- Leader: Frank Stronach
- Founder: Frank Stronach
- Founded: 27 September 2012
- Dissolved: August 2017
- Headquarters: Magna Straße 1 2522 Oberwaltersdorf Lower Austria
- Ideology: Economic liberalism; Right-wing populism; Populism; Euroscepticism;
- Political position: Centre-right to right-wing

Website
- www.teamstronach.at

= Team Stronach =

Former political party in Austria

The Team Stronach for Austria (Team Stronach für Österreich) was a Eurosceptic, right-wing populist political party in Austria founded by and named after Austrian-Canadian businessman Frank Stronach. It was dissolved in August 2017.

== History ==
The new party was registered on 25 September 2012, and was launched two days later.

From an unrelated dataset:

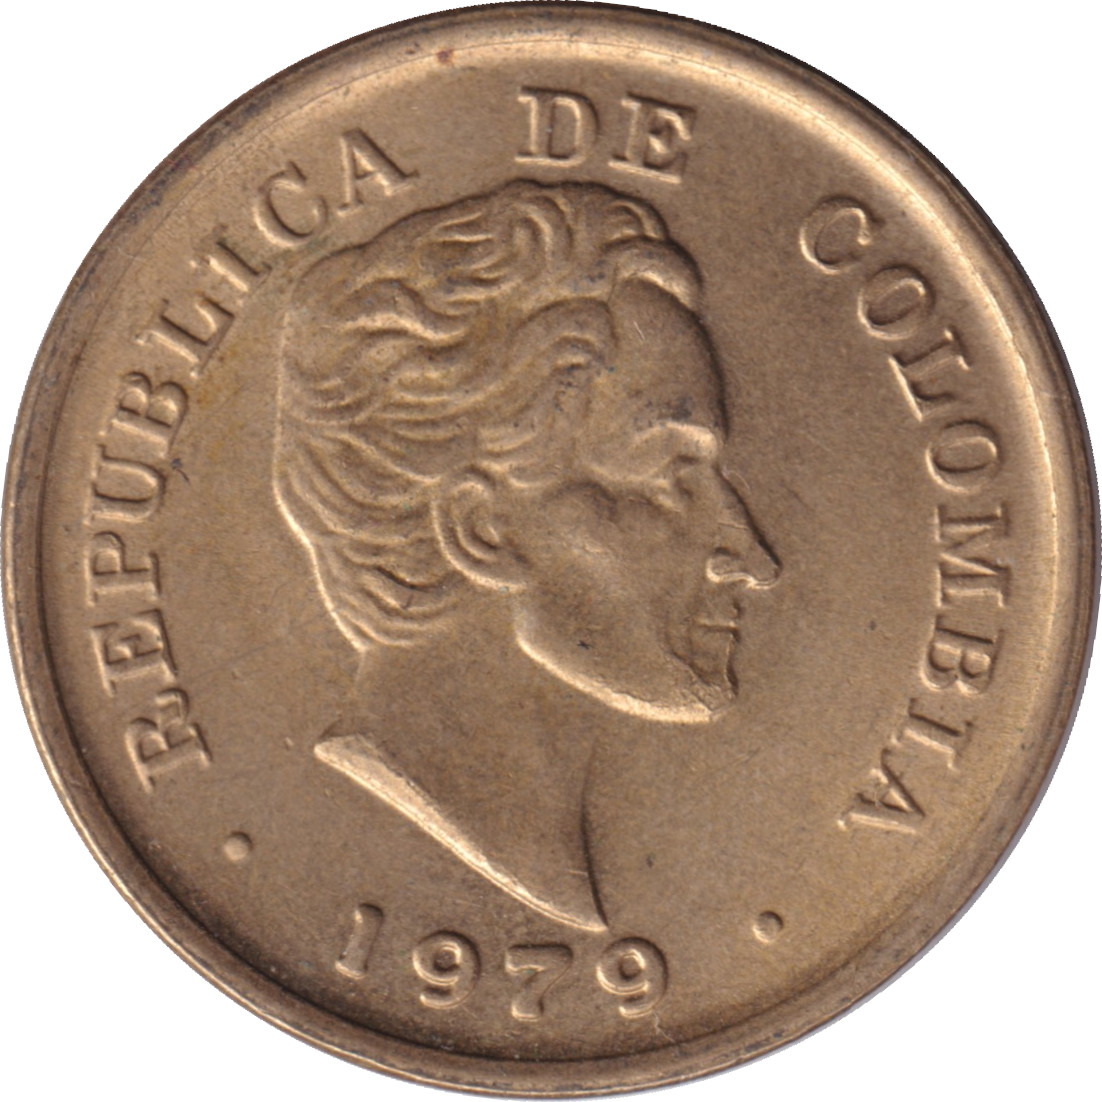 25 centavos - Santander
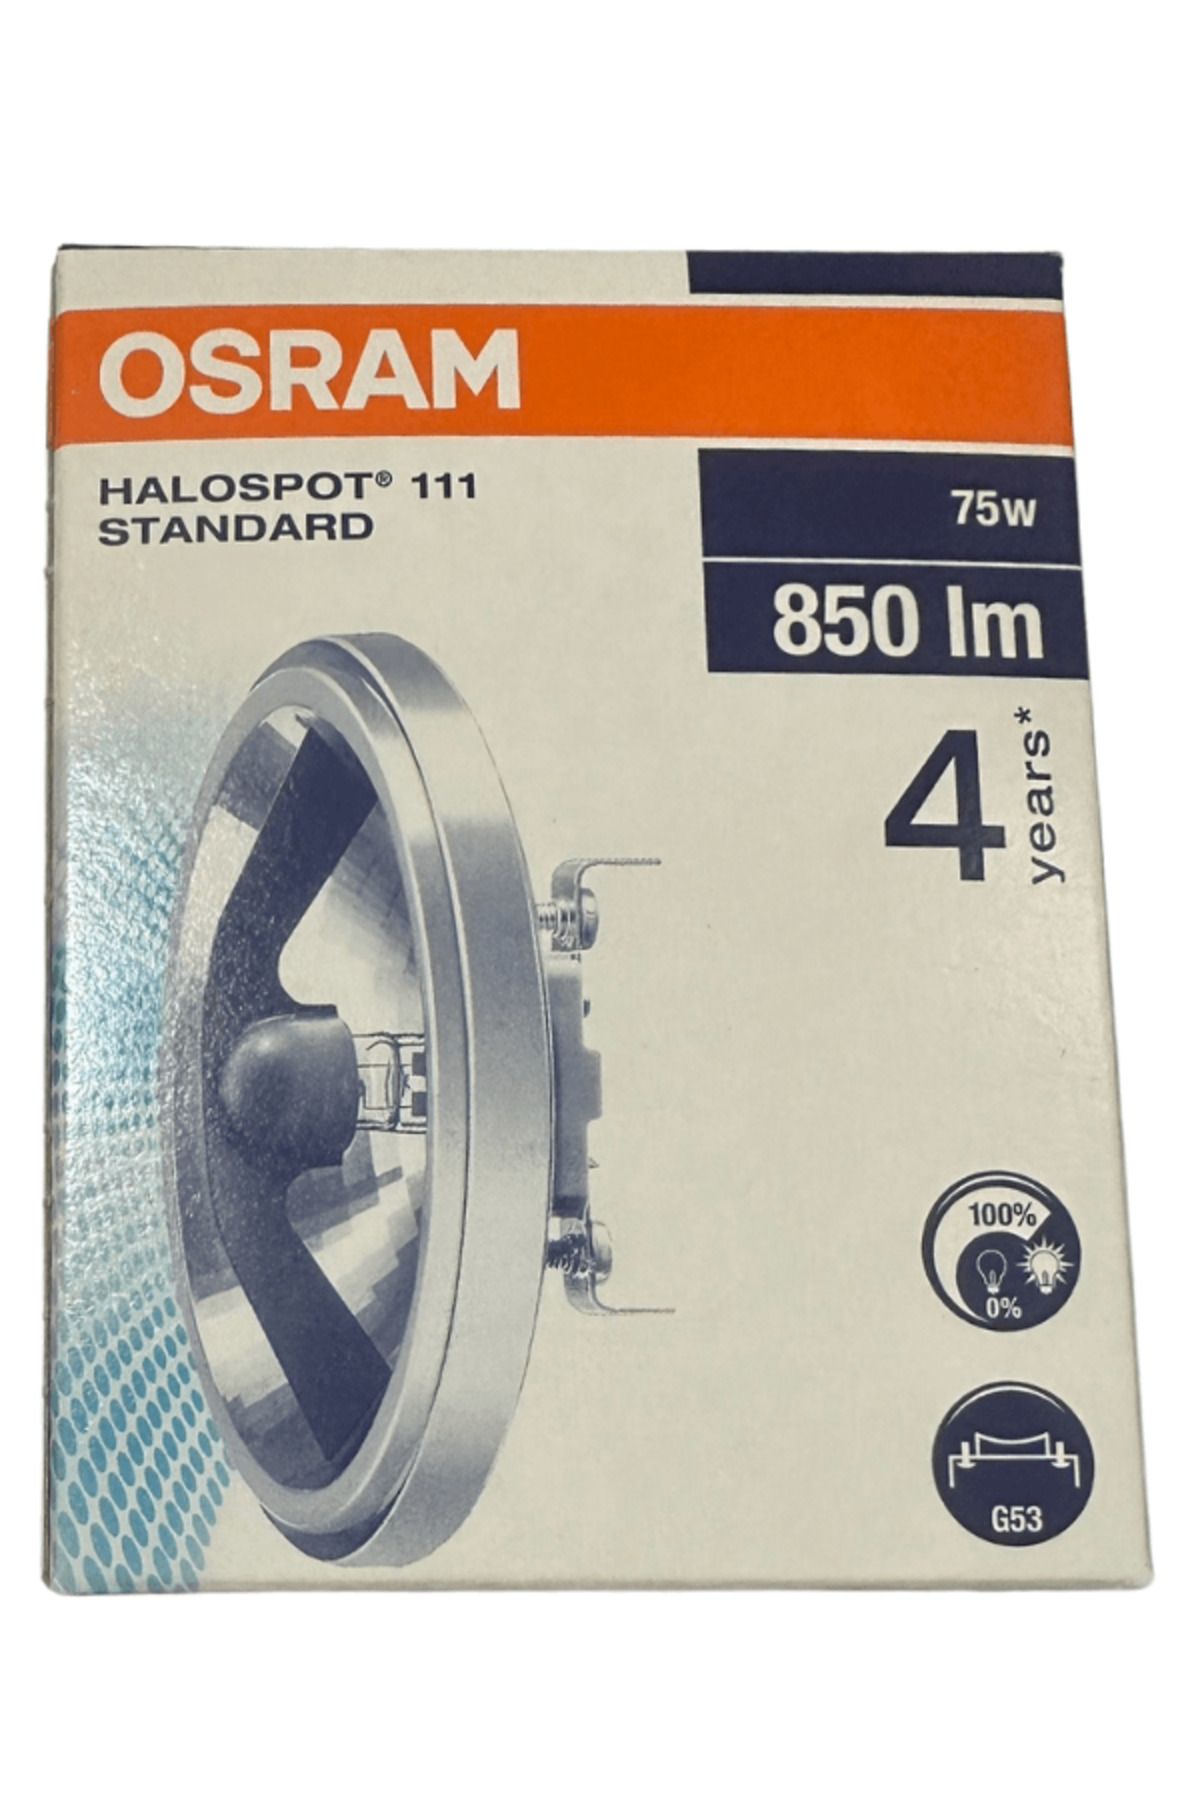 Osram Halospot 111 Standard 75W 3000K (Sarı Işık) G53 Duylu Halospot

In a Gallup poll in August 2012, it received 8% of the vote. Five MPs – Gerhard Köfer of the Social Democratic Party of Austria (SPÖ), Elisabeth Kaufmann-Bruckberger and Christoph Hagen of the Alliance for the Future of Austria (BZÖ), and independents Robert Lugar and Erich Tadler – agreed to join the party.

Parties with at least three seats are automatically qualified to run in the forthcoming federal election.

The party name, programme, and logo were decided in early September 2012. Köfer was named as the party's leading candidate for the 2013 state election in Carinthia. In September's Gallup poll, it received 10% of the vote.

At the party's campaign launch for the 2013 federal election, the party unveiled a political advertisement featuring personal endorsements for Stronach from Bill Clinton and Larry King. By this time, the party polled between 10% and 12%. After the defection of a fifth MP, Stefan Markowitz, Team Stronach was given official party status in the National Council: giving the party €1.4m of state funding and places on parliamentary committees.

The party won 11% of the vote in the March 2013 state election in Carinthia, only narrowly falling behind The Greens and the Austrian People's Party (ÖVP). On the same day, Team Stronach won 10% of the vote in the Lower Austria state election, in third place. The result in Lower Austria gave Team Stronach its first seat in the Federal Council, held by Gerald Zelina.

On 29 September 2013 Team Stronach participated for the first time in the elections for the Austrian National Parliament. It got 5.73% of the votes and won 11 seats, being the fifth largest party in the new Austrian parliament. The party did not contest the 2014 European parliamentary election. After the election the party fell considerably in the polls. On 3 June 2015, two of the party's deputies - Georg Vetter and Marcus Franz - defected to the ÖVP, leaving it with nine seats. In August 2017 the planned dissolution of the Team Stronach was announced for after the legislative election. Its MPs changed to the FPÖ, the FLÖ and the Whites.

== Ideology ==

The Team Stronach supported Austria leaving the Euro currency and introducing an Austrian Euro instead. An advisor of the Team Stronach suggested later in an interview with news magazine "Format" that they wanted to keep the Euro but introduce additional national currencies.

Unlike some other right-wing Eurosceptic parties, Stronach was not as opposed to immigration as others. The party advocated cutting bureaucracy and instituting a 25% flat-rate income tax. The Team Stronach supported ending conscription and introducing an all-volunteer army instead. Stronach supported electoral reform, including the use of primary elections.